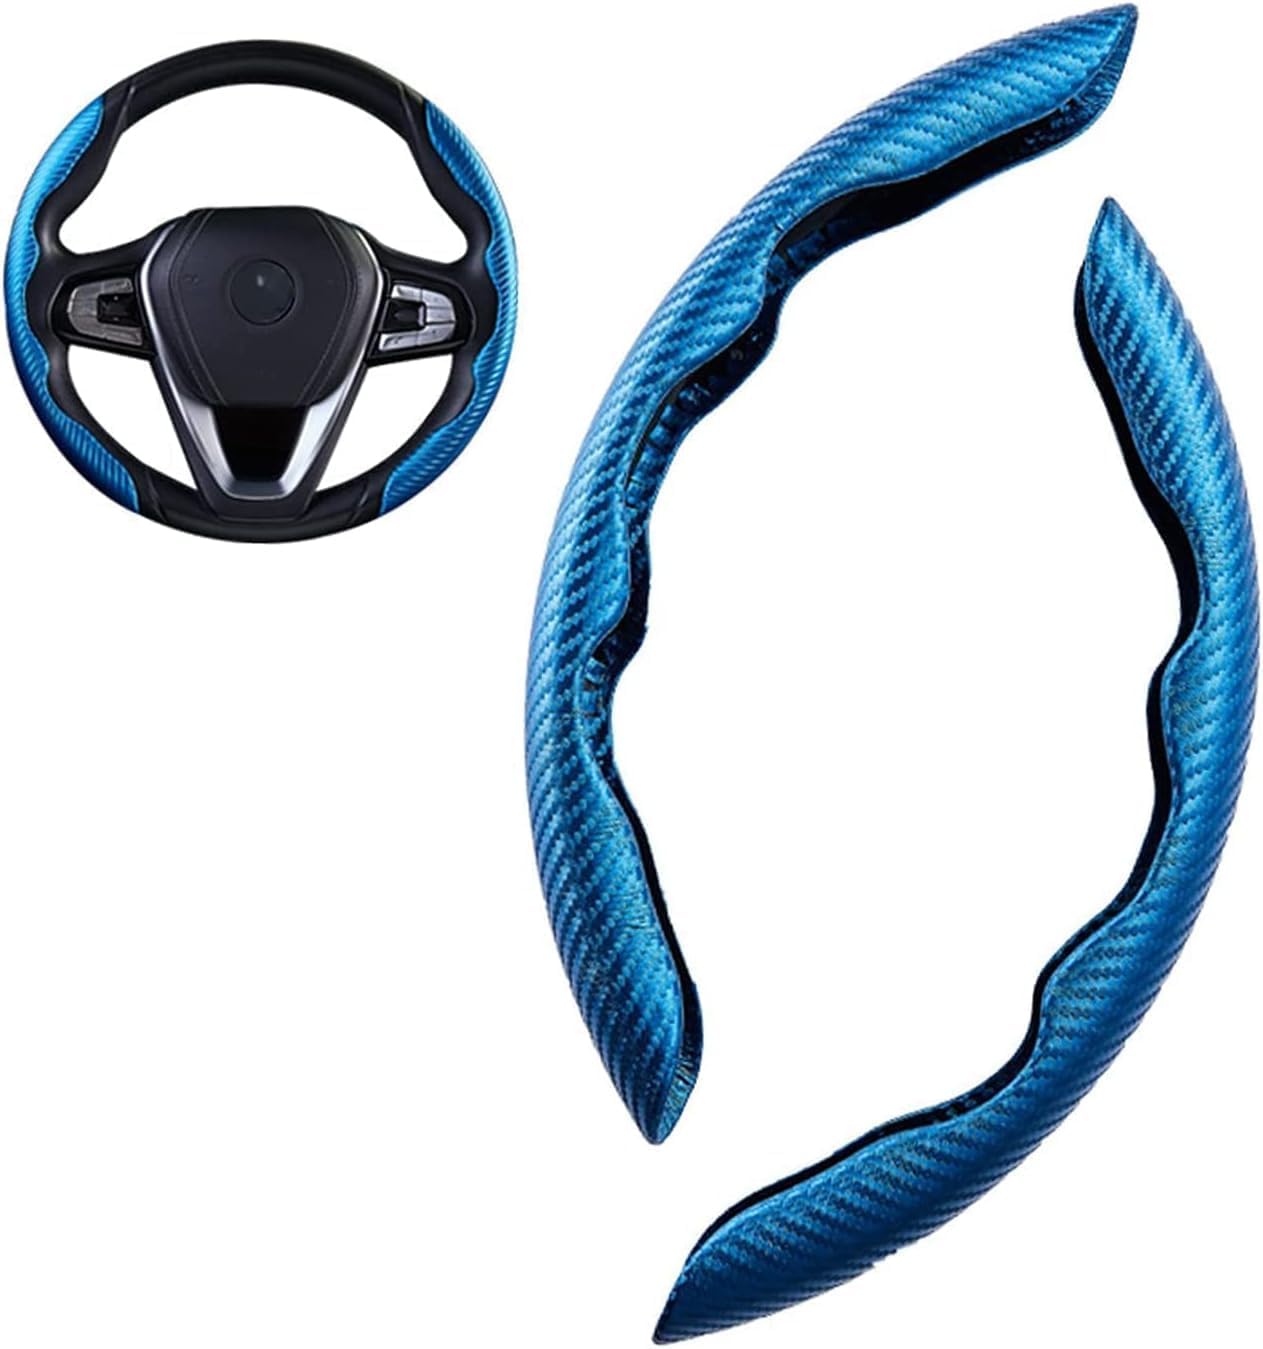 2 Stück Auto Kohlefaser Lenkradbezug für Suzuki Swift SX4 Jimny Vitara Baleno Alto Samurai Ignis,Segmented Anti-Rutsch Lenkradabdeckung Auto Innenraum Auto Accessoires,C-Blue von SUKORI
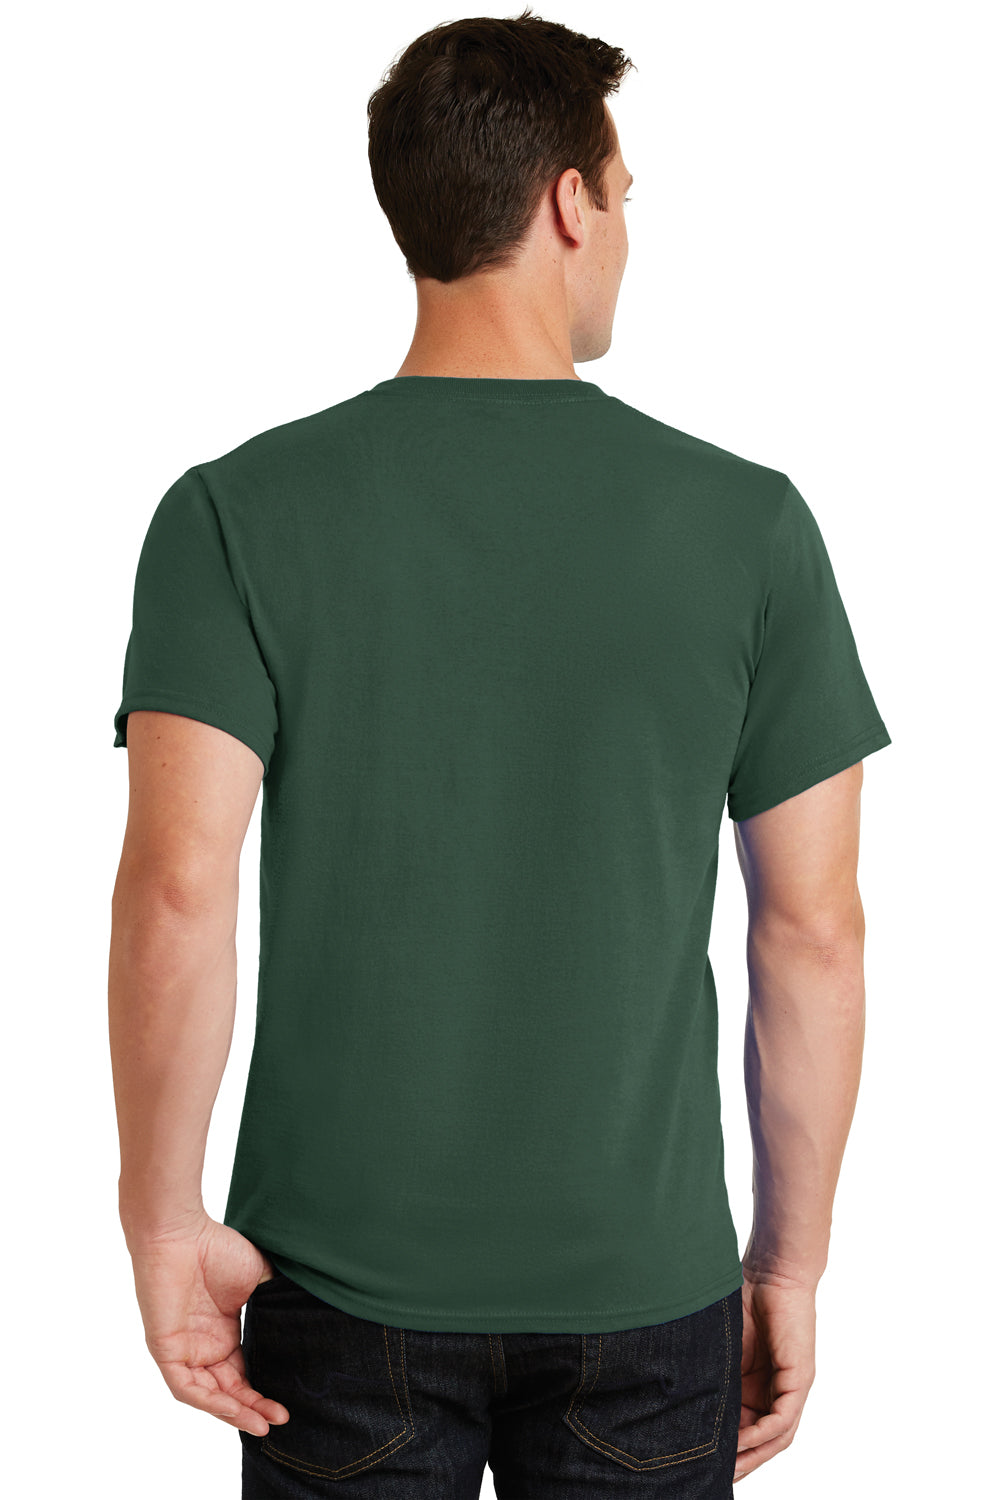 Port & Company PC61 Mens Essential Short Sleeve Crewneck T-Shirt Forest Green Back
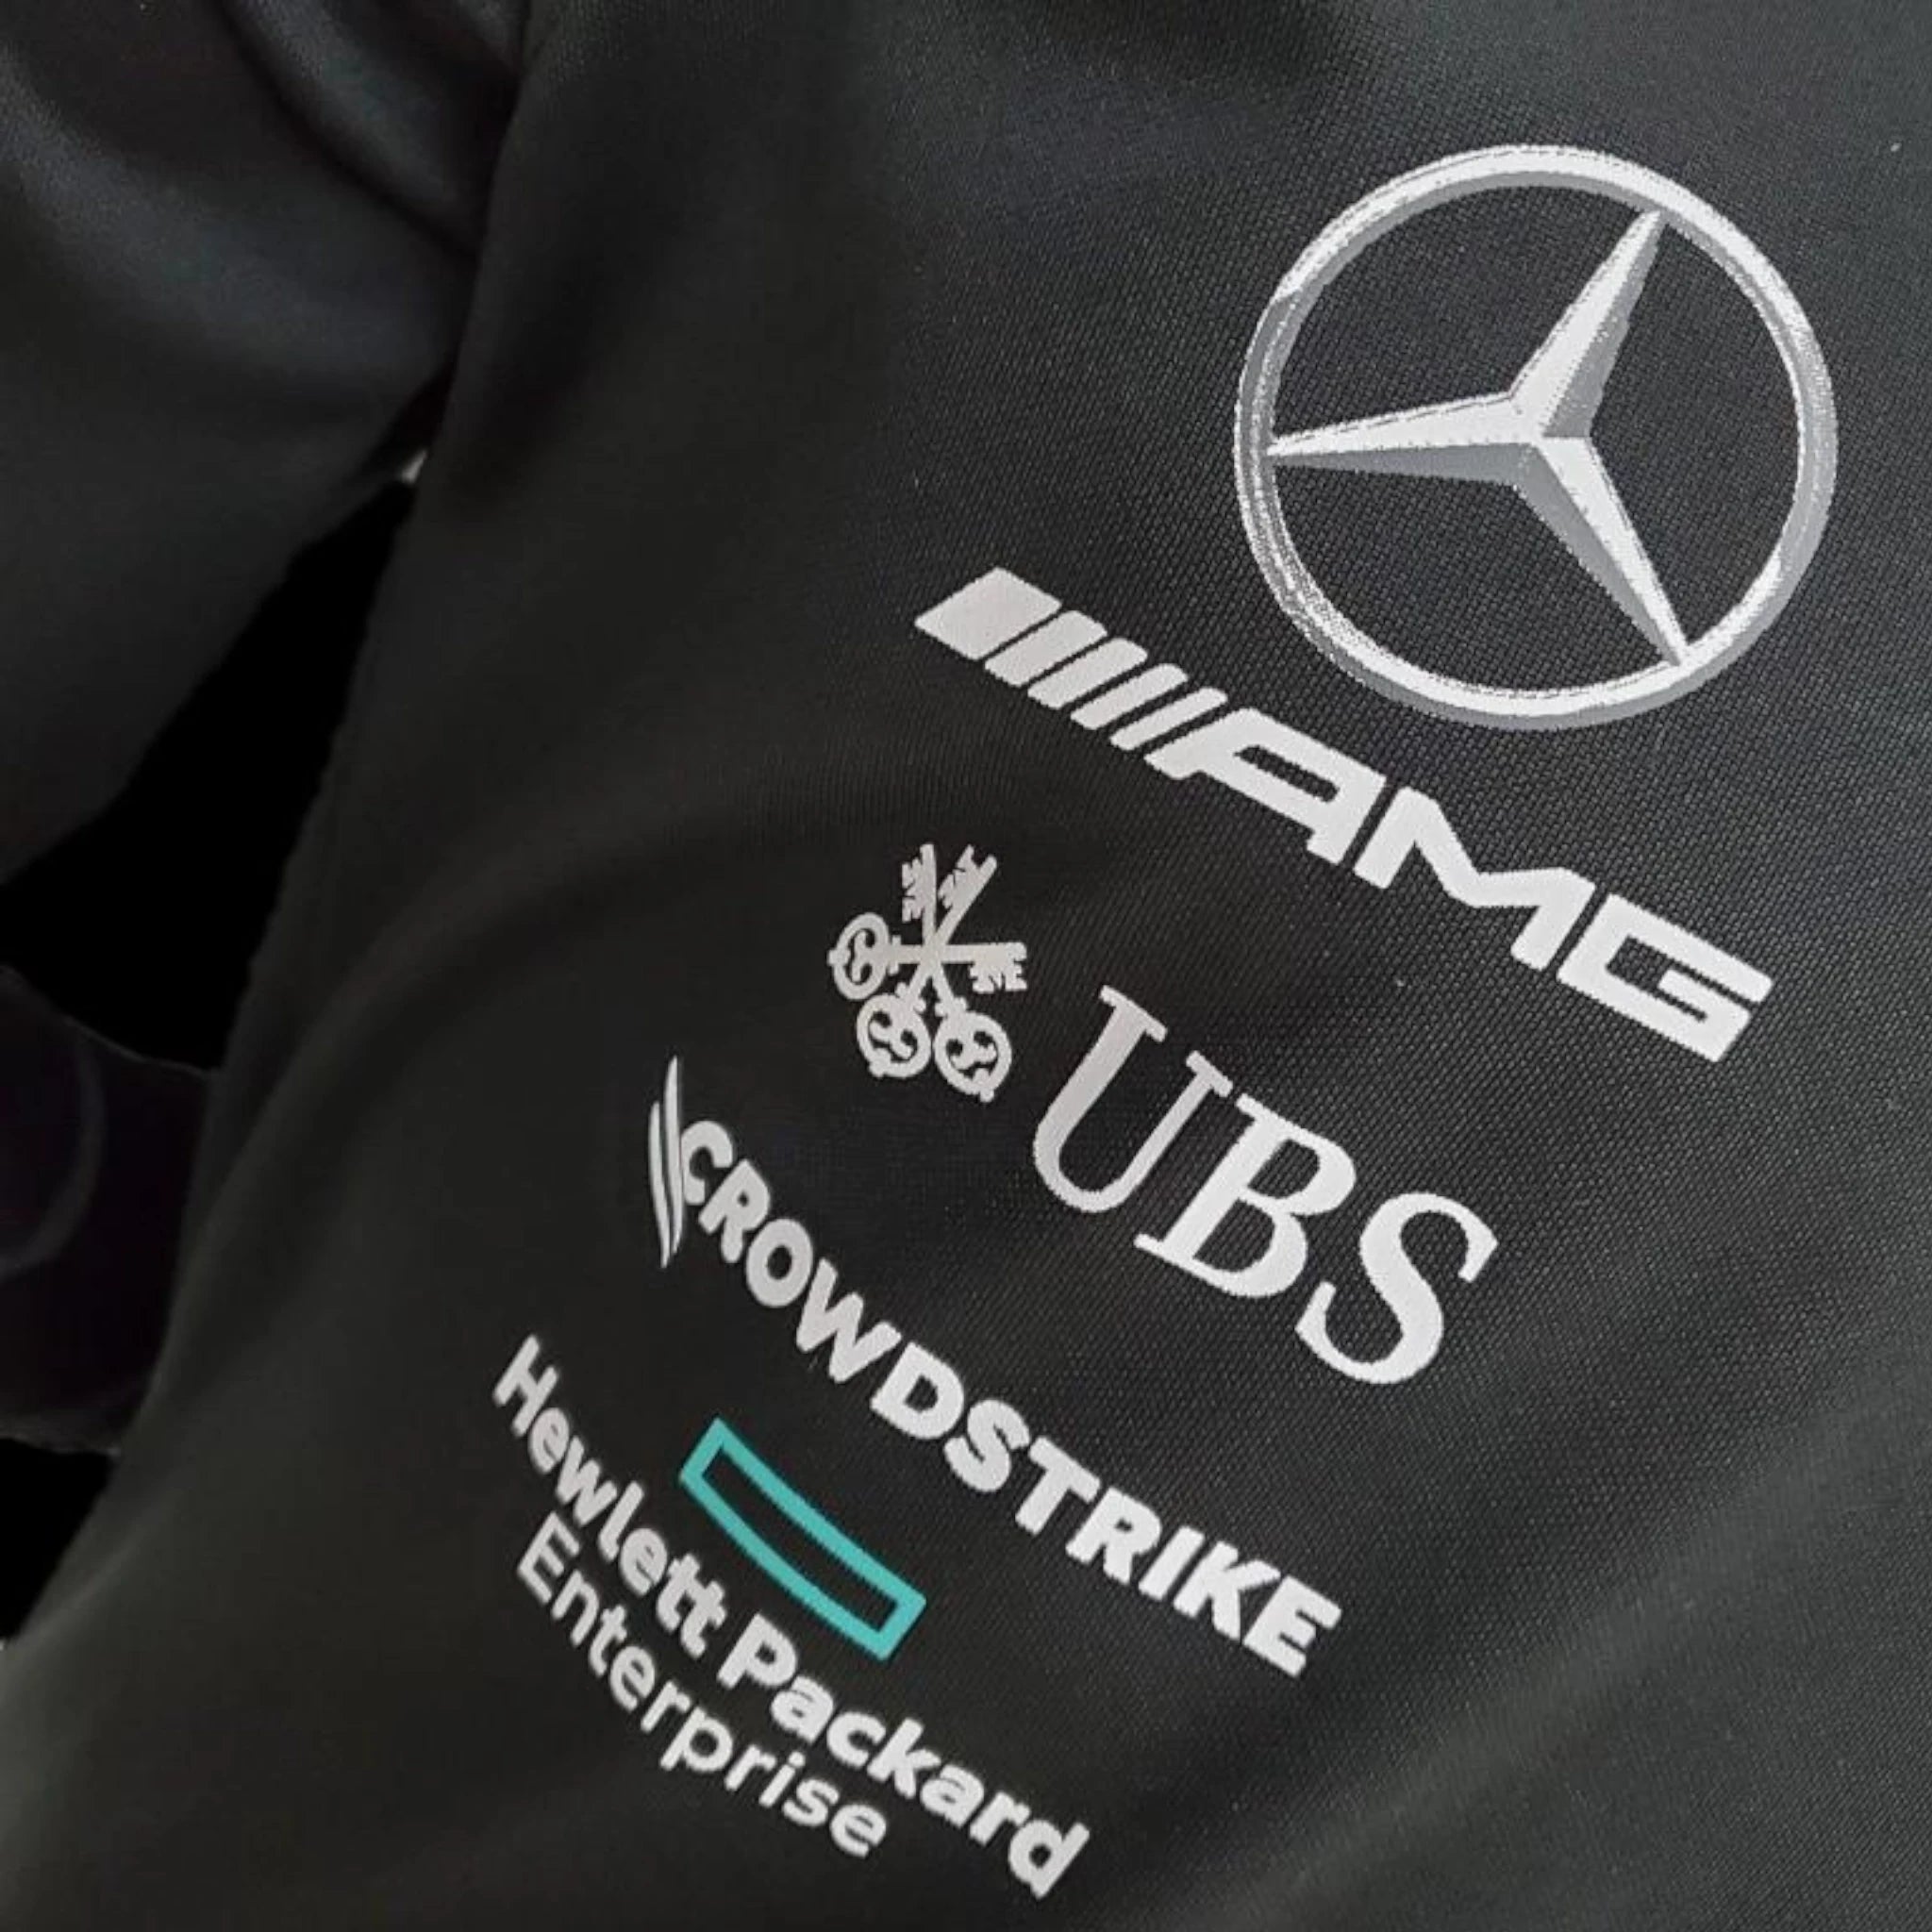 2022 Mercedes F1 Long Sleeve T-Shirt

EXERCISE BRIEF: Each line of the listing must be restated word for word, and the pictures left out.

EXERCISE ANSWER:
 2 Stück Auto Kohlefaser Lenkradbezug für Suzuki Swift SX4 Jimny Vitara Baleno Alto Samurai Ignis,Segmented Anti-Rutsch Lenkradabdeckung Auto Innenraum Auto Accessoires,C-Blue von SUKORI
 Port & Company PC61 Mens Essential Short Sleeve Crewneck T-Shirt Forest Green Back
 2022 Mercedes F1 Long Sleeve T-Shirt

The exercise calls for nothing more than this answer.